Akash Ahuja is another newcomer in the film. Although he is completely believable as an out-and-out bad guy, he overacts on few occasions. If only he could have adopted more subtlety by transferring few expressions to Karan, life would have been better for the viewers. 

The acts of senior cast like Sachin Khedekar, Meghna Malik, Simone Singh and the actress who plays Bambba’s grandmother fall in the positive zone. 

However, even if the junior Deol had acted convincingly, it wouldn’t have helped the film much. If the first half was lazy [minus the visuals], the narrative becomes messy and silly post-interval. 

A conflict element is obvious in films of such formats. One expected it to be born out from the rich girl and not-so-rich guy angle. But instead it turns out to be something much lamer than that narrated through a screenplay that’s all over the place with glaring loopholes. 

Picture this, the Intensive Care Unit (ICU) of a posh Delhi hospital is a place where one is allowed to create melodrama, watch disturbing news on TV and (best of all) barge in with a goon while trying to strangle him.
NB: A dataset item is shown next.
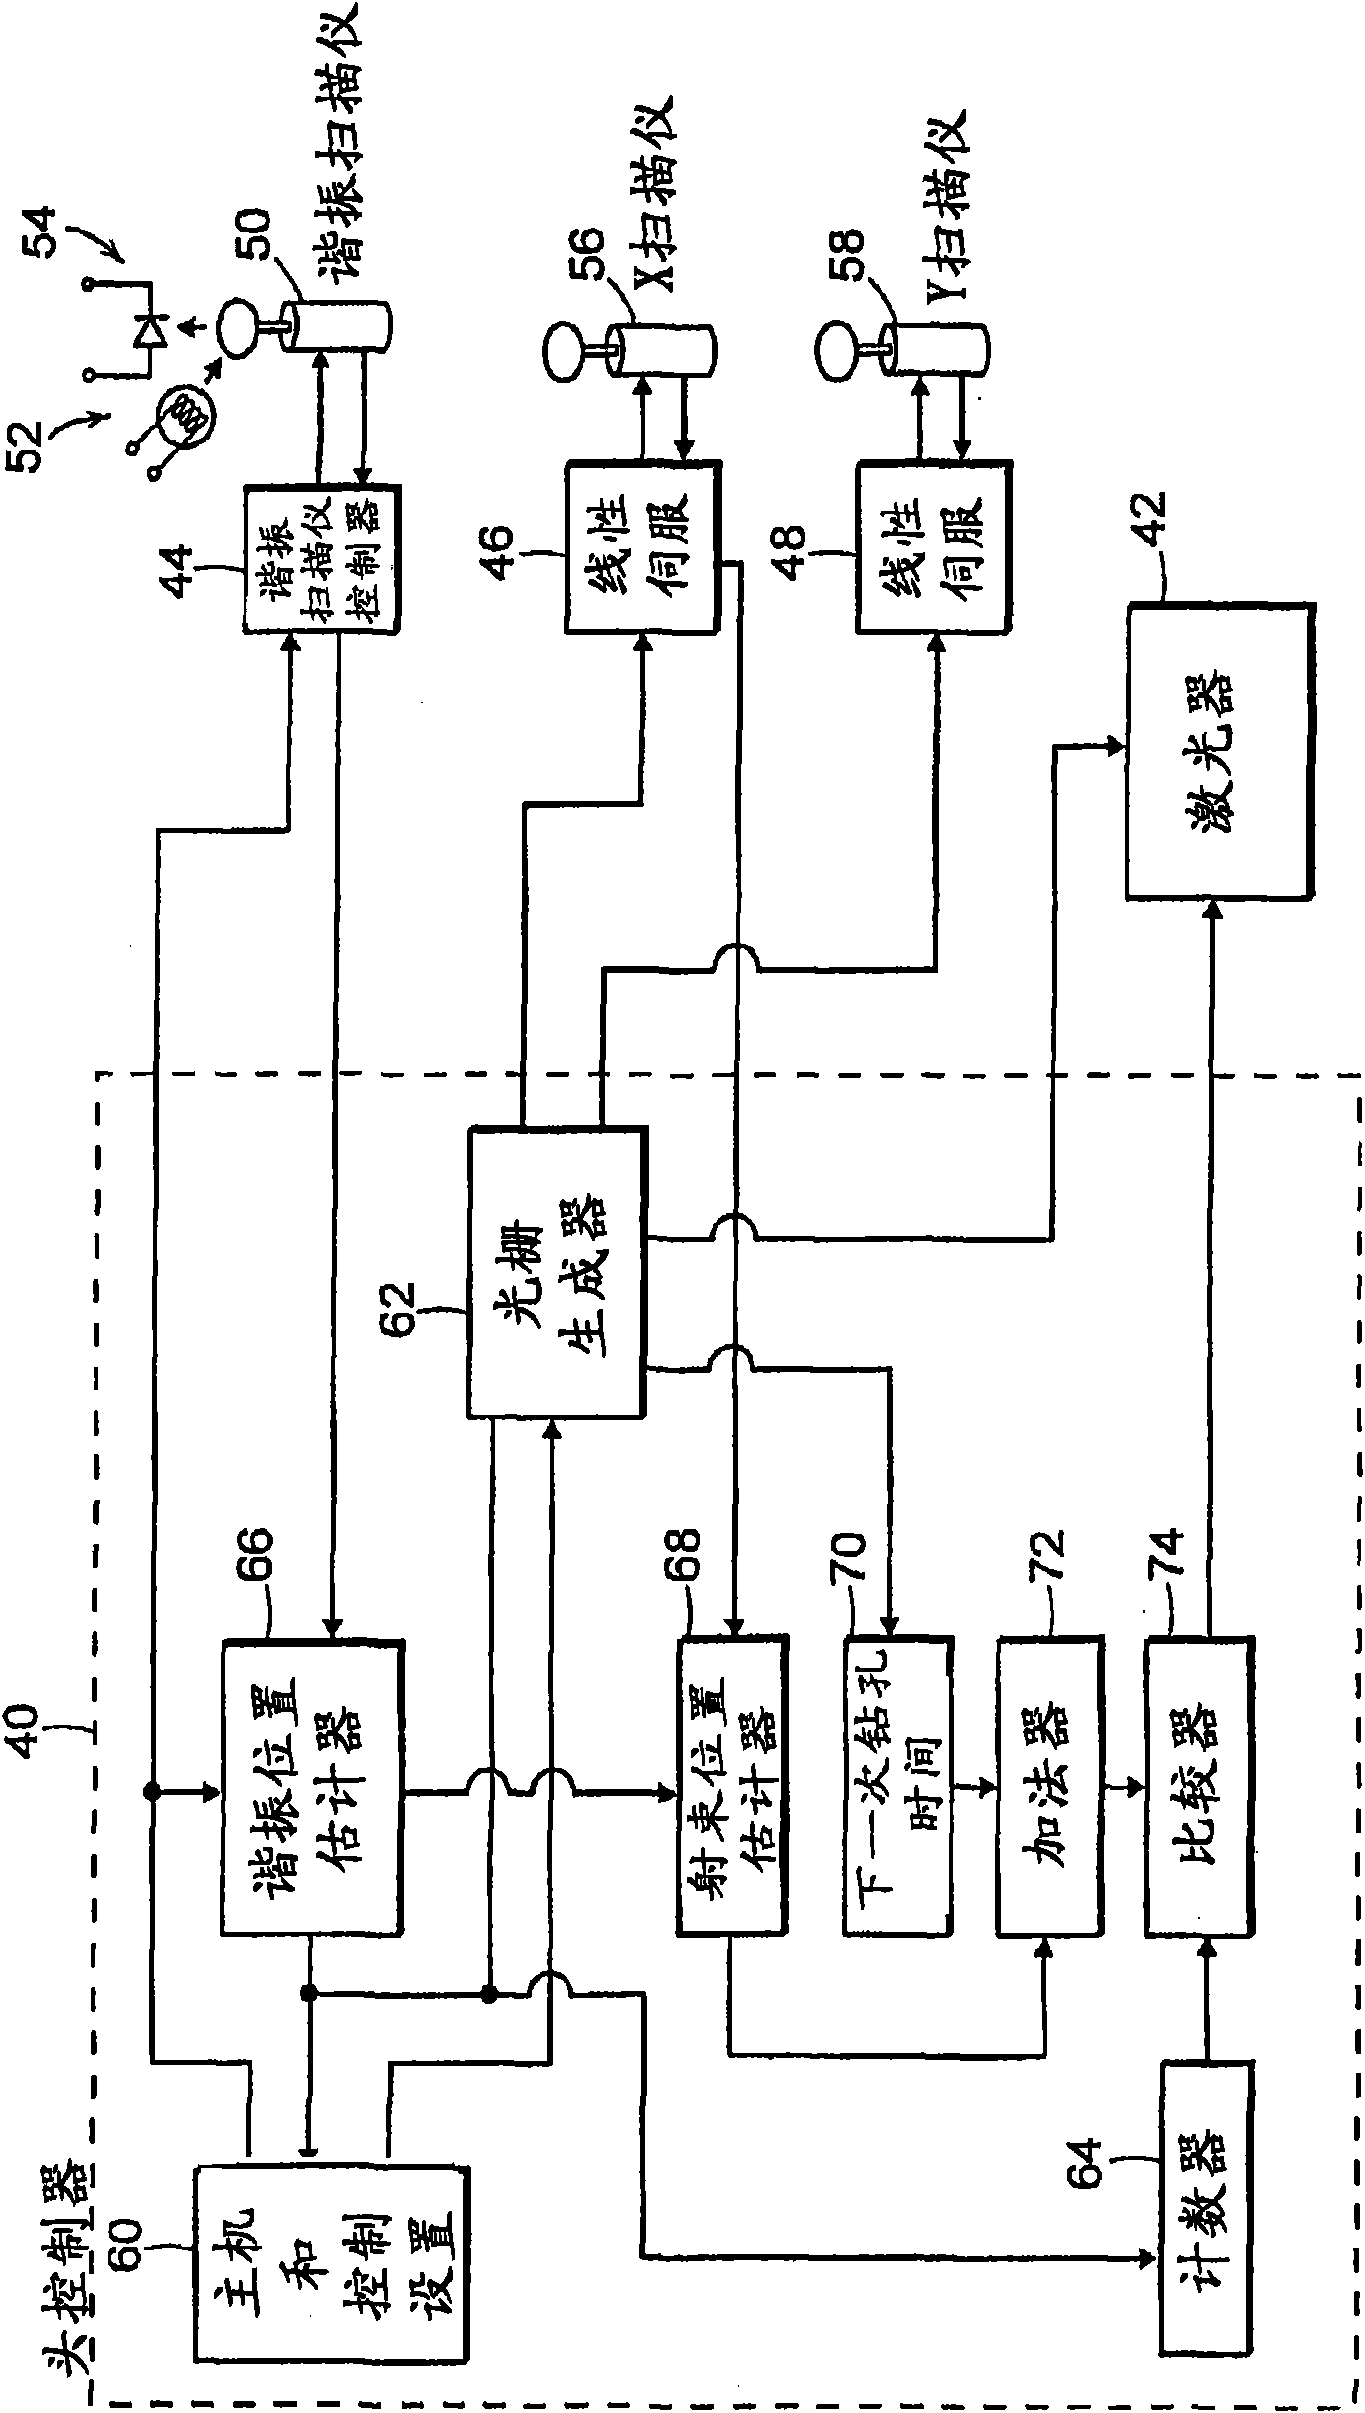 System and method for employing a resonant scanner in an X-Y high speed drilling system

We all want the hospital staff to be co-operative, but definitely not to this extent. 

Pal Pal Dil Ke Paas ends up treading on those numerous Sunny Deol films where he takes matters in his own hands to fight the wrongdoers. Karan Deol is better in fight sequences in these portions but it seems he is aping his father. Even the scene where a group of men hold him from behind is right out of his father’s iconic moment from Rajkumar Santoshi’s Ghayal (1990). 

All in all, through Pal Pal Dil Ke Paas, Sunny Deol eventually reminds you of his last directorial venture Ghayal Once Again (2016), where he tarnished his own classic Ghayal.